Hutchinson informed the committee that Meadows hurriedly left the White House at some point that morning, between 11 and 11:30 a.m., to bring a copy of the binder to the Justice Department.

Hutchinson remembered Meadows asking, “How quickly can we get this to the DOJ?” to his security detail.

In addition, Meadows presented a memo directing the Justice Department to review the majority of the declassified documents Trump had released for privacy purposes.

In the memo, Meadows stated that she was returning the majority of the declassified document binder to the Department of Justice, including all that appear to be confidential. She also instructed the Department to expeditiously conduct a Privacy Act review under the standards that the Department of Justice would normally apply, redact material appropriately, and release the remaining material with redactions applied.have a potential to raise privacy concerns).”

In a court document, Solomon’s attorneys claim that Meadows “assured Mr Solomon that he would receive the updated binder.” But this never happened.

In her book, Hutchinson describes seeing Meadows enter his limo on January 19 with the “original Crossfire Hurricane binder tucked under his arm.” This is in reference to the unredacted version of the binder.
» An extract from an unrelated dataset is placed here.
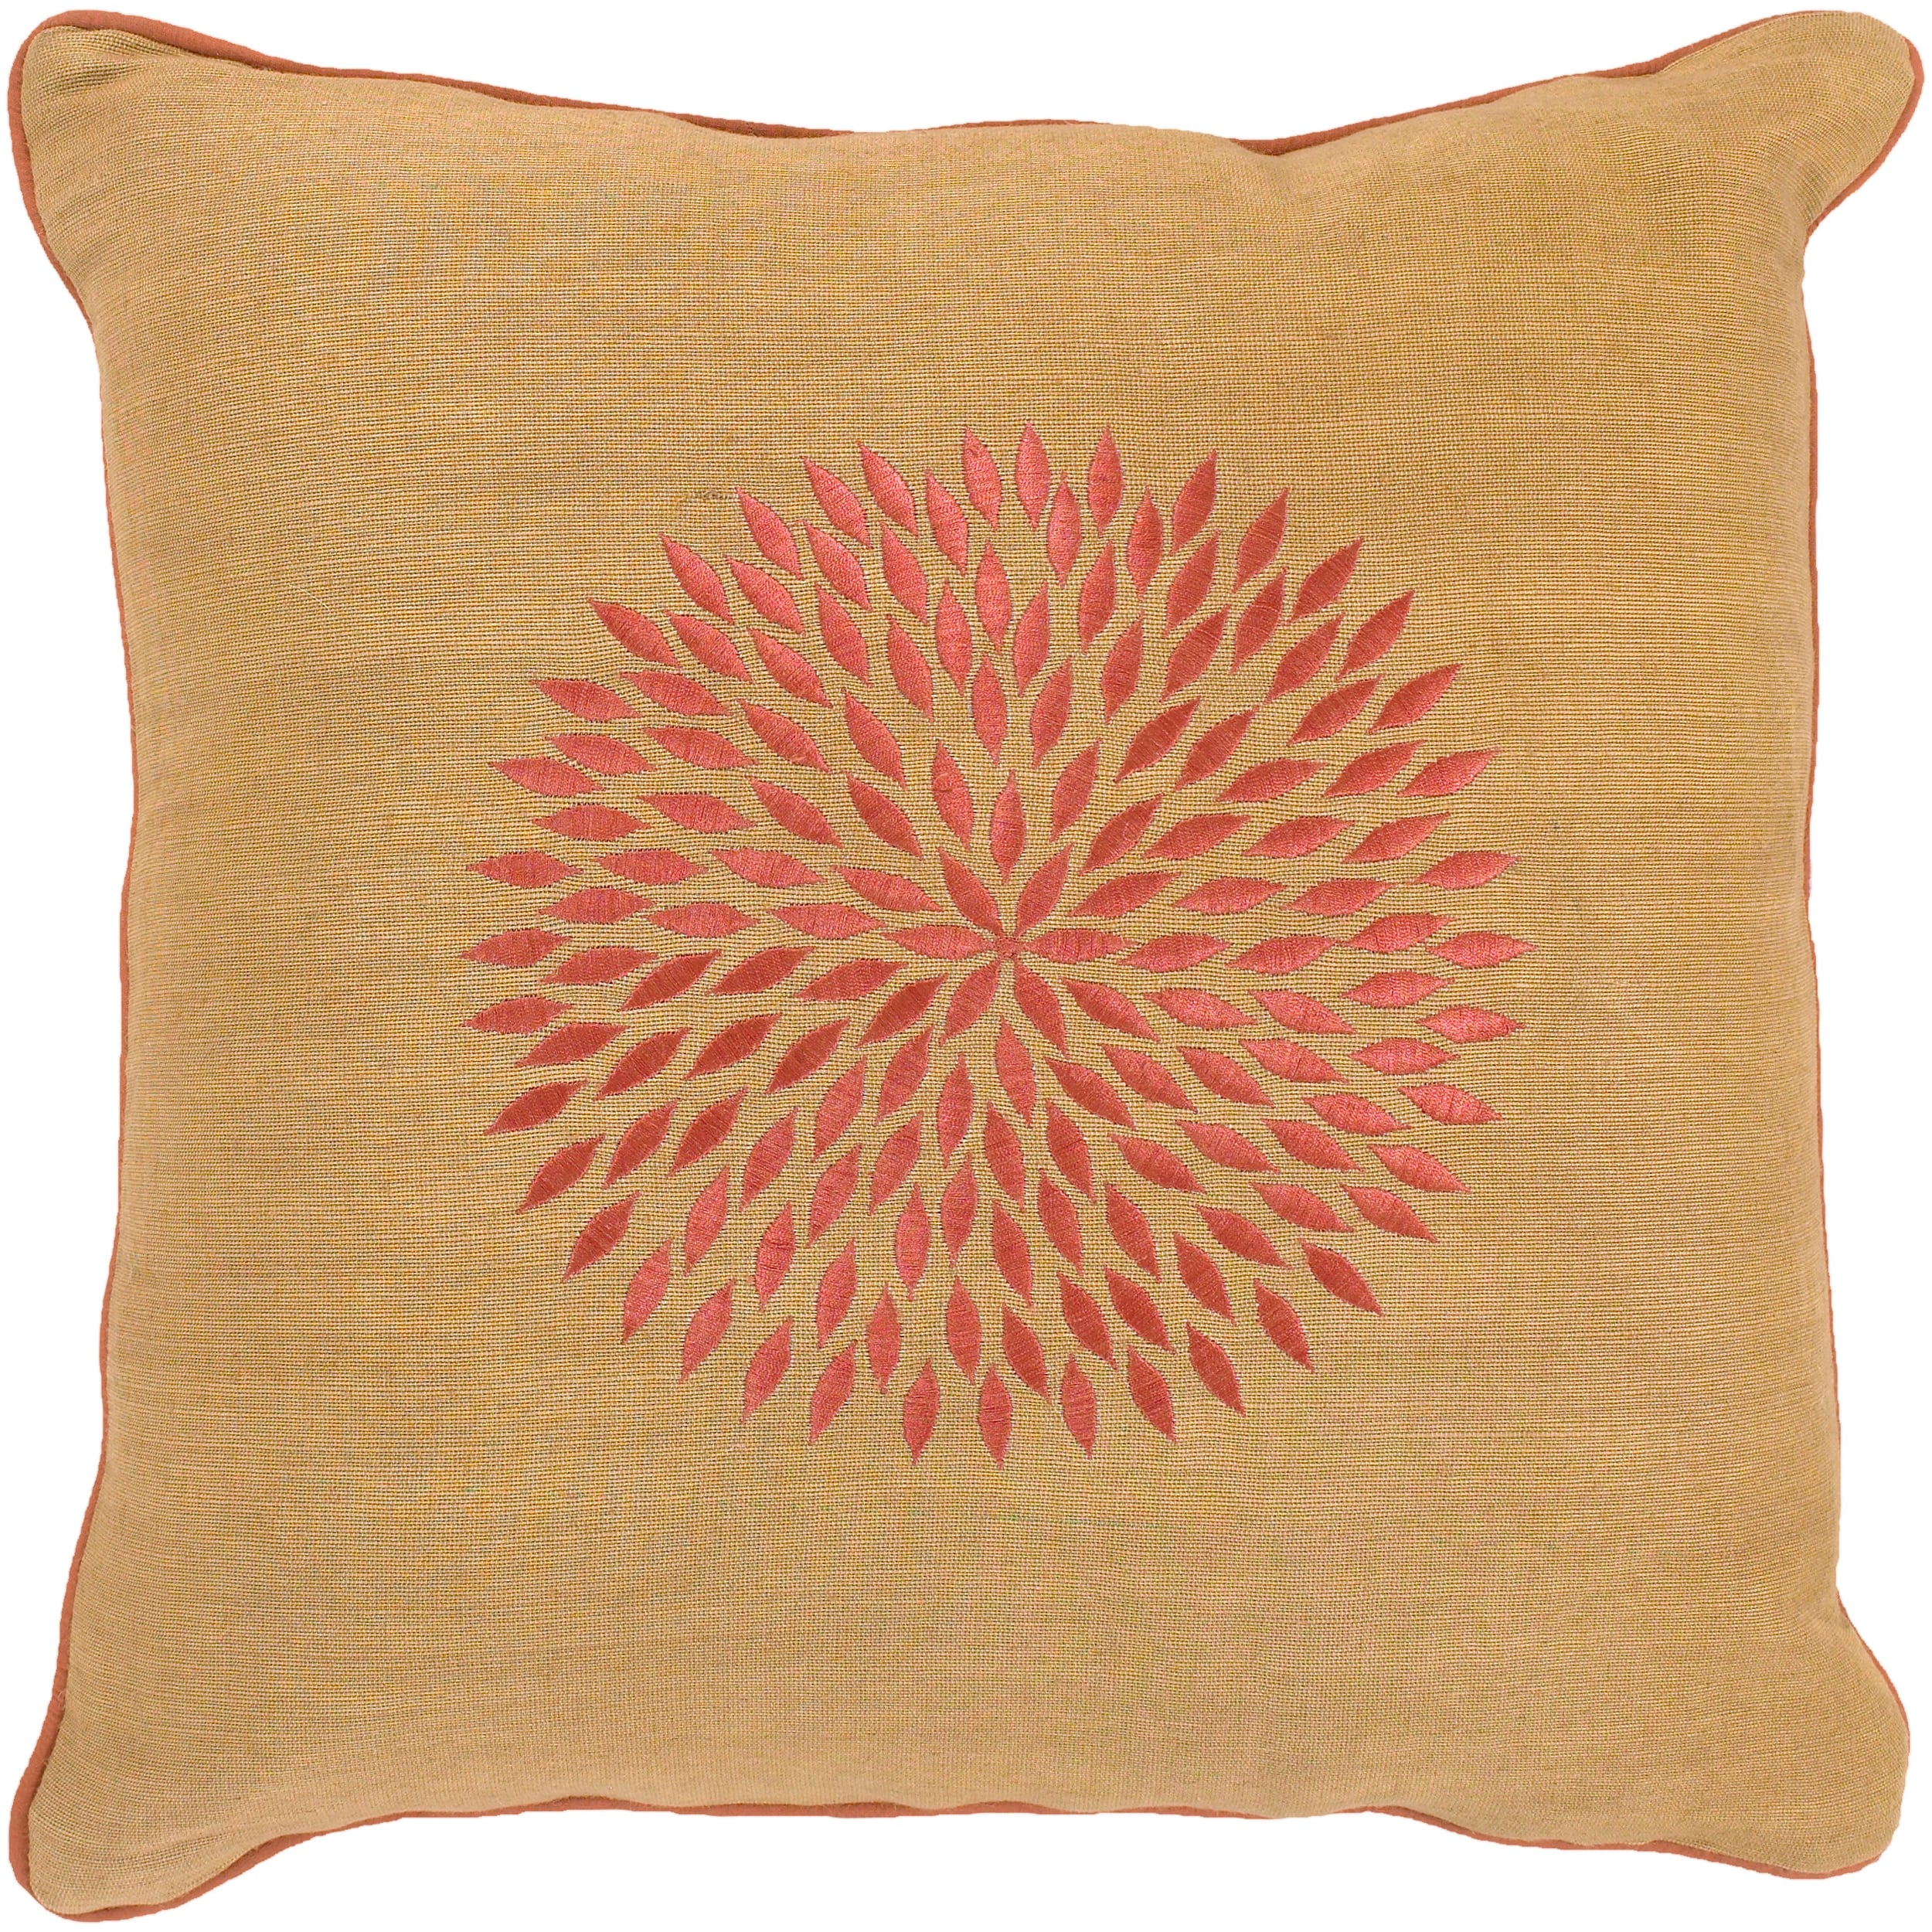 Decorative Salus 22-inch Down Pillow

“How in the hell is Mark handling the Crossfire Hurricane binder that hasn’t been redacted?” Hutchinson remembered wondering as Meadows sped off.

Hutchinson said that Meadows’ safe was gone when she took one last look inside it before leaving the White House.
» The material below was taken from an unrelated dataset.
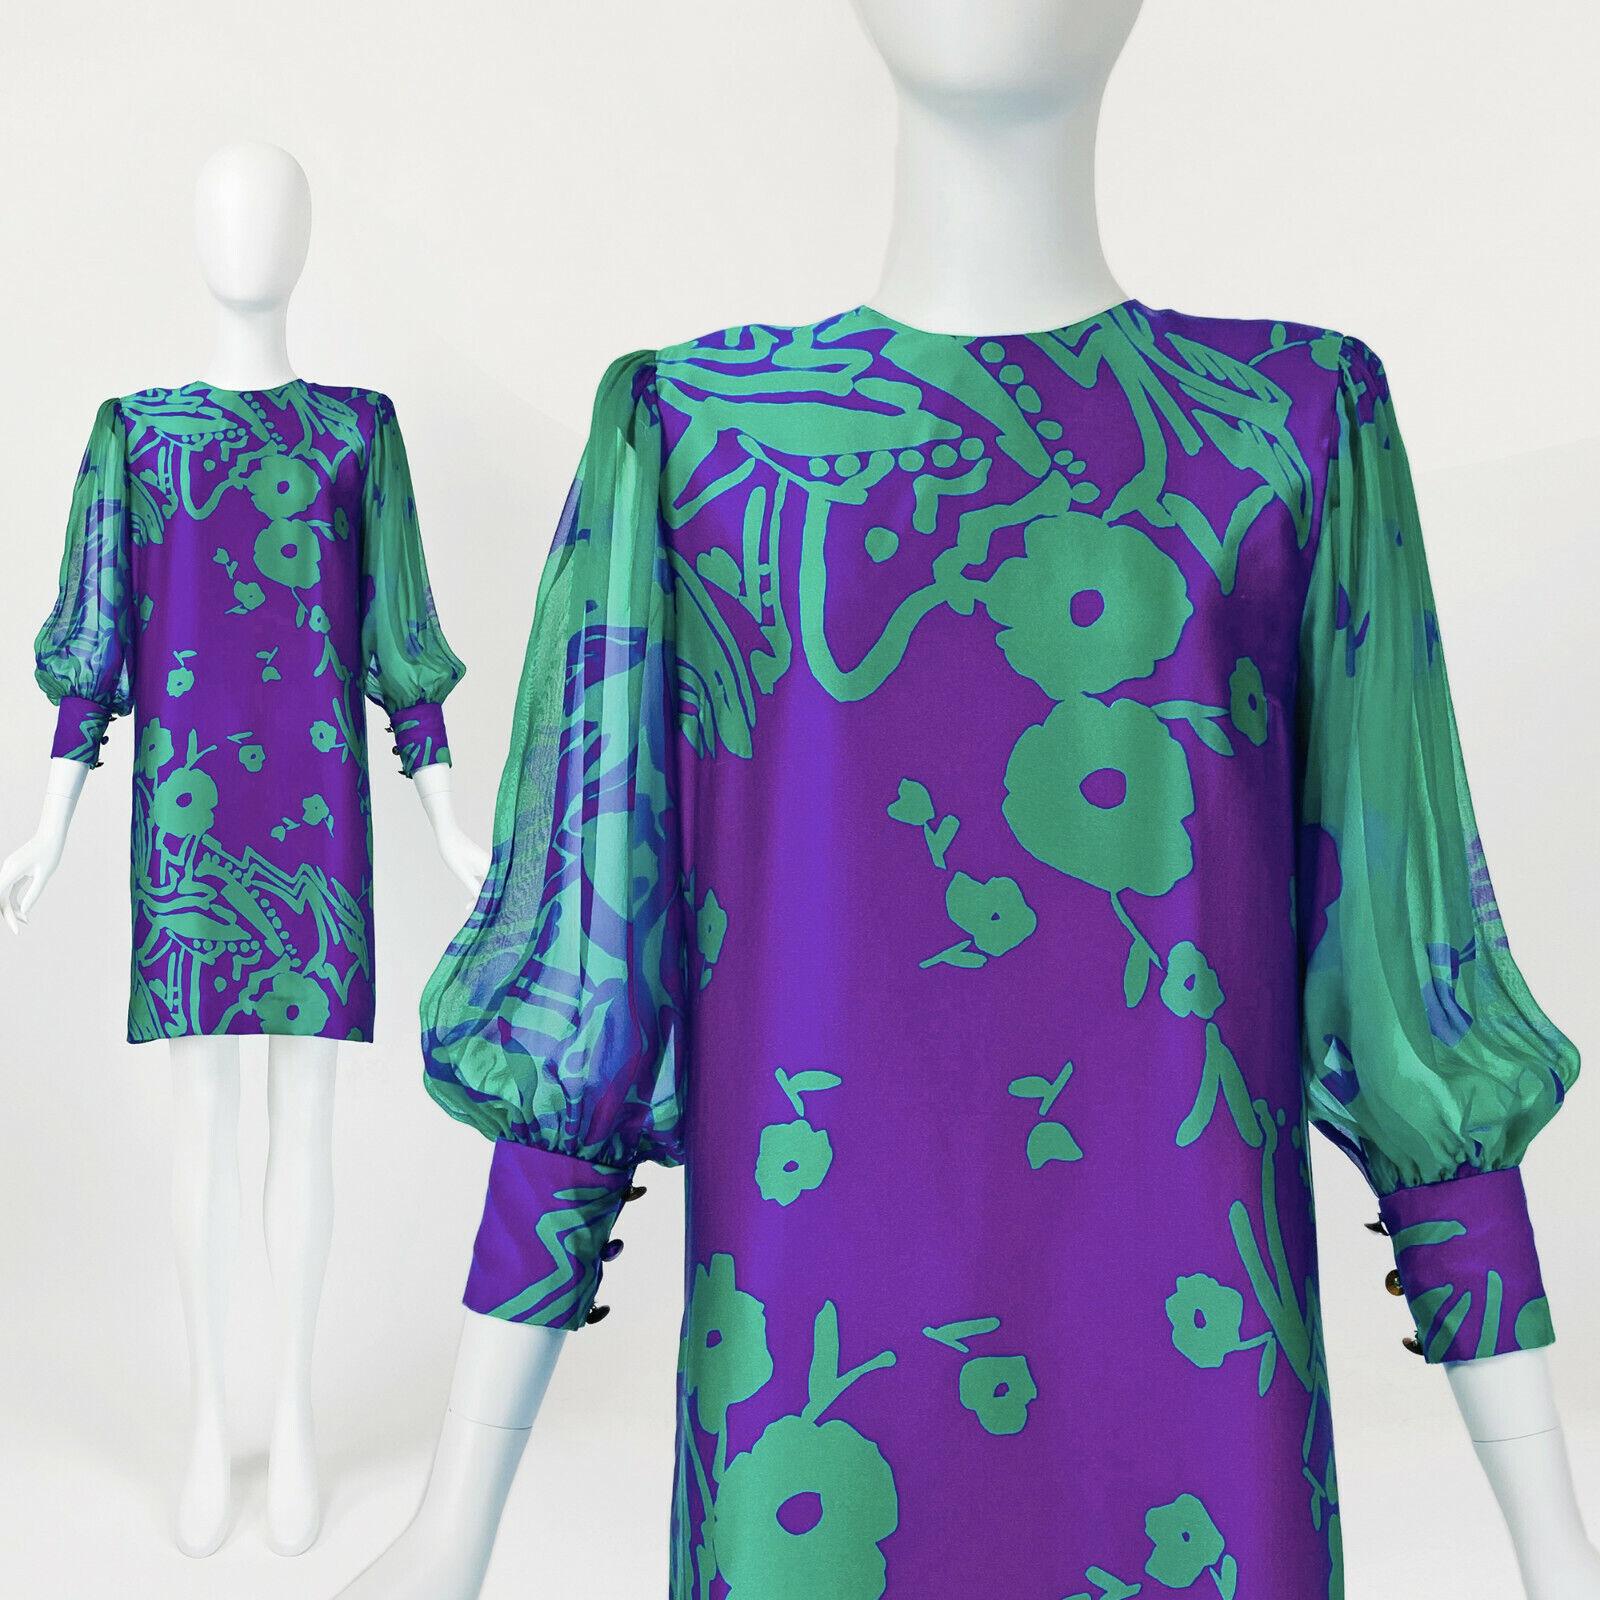 Designer Vintage 80s Silk Dress PAULINE TRIGERE S… - image 1

Hutchinson told the January 6 committee, “I don’t think that would have been something that he would have destroyed.” It never left our office to travel internally, and it was never returned. Most of the time, it was kept in our office safe.

Hutchinson’s story is disputed by Meadows’ lawyer Terwilliger, who claims that Meadows did not improperly handle any classified documents while working at the White House.

The search goes on.

 

There were several fronts in which the search for the binder persisted even after Trump left office.

Senate Intelligence Committee leaders were briefed by intelligence officials about the government’s efforts to retrieve the unredacted version of the binder containing raw Russian intelligence, sources told CNN, approximately a year after Trump left office.

Simultaneously, the declassified version of the binder that Meadows had brought to the Justice Department was being sought after by Trump’s allies.

Trump designated Solomon and Patel as his delegates to the National Archives in June 2022, granting them access to the former president’s files. Email exchanges between Solomon and Patel that were included in their lawsuit demonstrated how they attempted to obtain access to the binder as soon as they were designated as Trump’s delegates.

In the final days of his presidency, the President issued an order declassifying a binder containing records related to the Russia investigation. It’s roughly ten inches thick,” Solomon wrote to Gary Stern, general counsel of the Archives, in June 2022. “Every document that was declassified by his order and included in the binder should be duplicated, either digitally or on paper.”

Following lawsuits from conservative groups seeking documents from the investigation, the FBI released several hundred pages of heavily redacted internal records from its Russia investigation in February and March under the Freedom of Information Act.

In a June filing requesting the dismissal of Solomon’s lawsuit, the Justice Department stated that Meadows’ request for a Privacy Act review had been satisfied by the FBI’s document release, stating that it had “resulted in the posting of most of the binder” on the FBI’s FOIA website.

The FBI only released “a small part of the binder’s contents with substantial additional redactions,” Solomon retorted.

In an interview with Solomon last July, Meadows stated that he gave the documents to the Justice Department out of a “heavy caution.”

“We instructed them to go ahead and disseminate those declassified documents—I want to emphasise that they were declassified documents—to do a final redaction for some of that personal information,” Meadows stated. “Here we are a few years later, and we fully expected that they would do that, at most a few days.”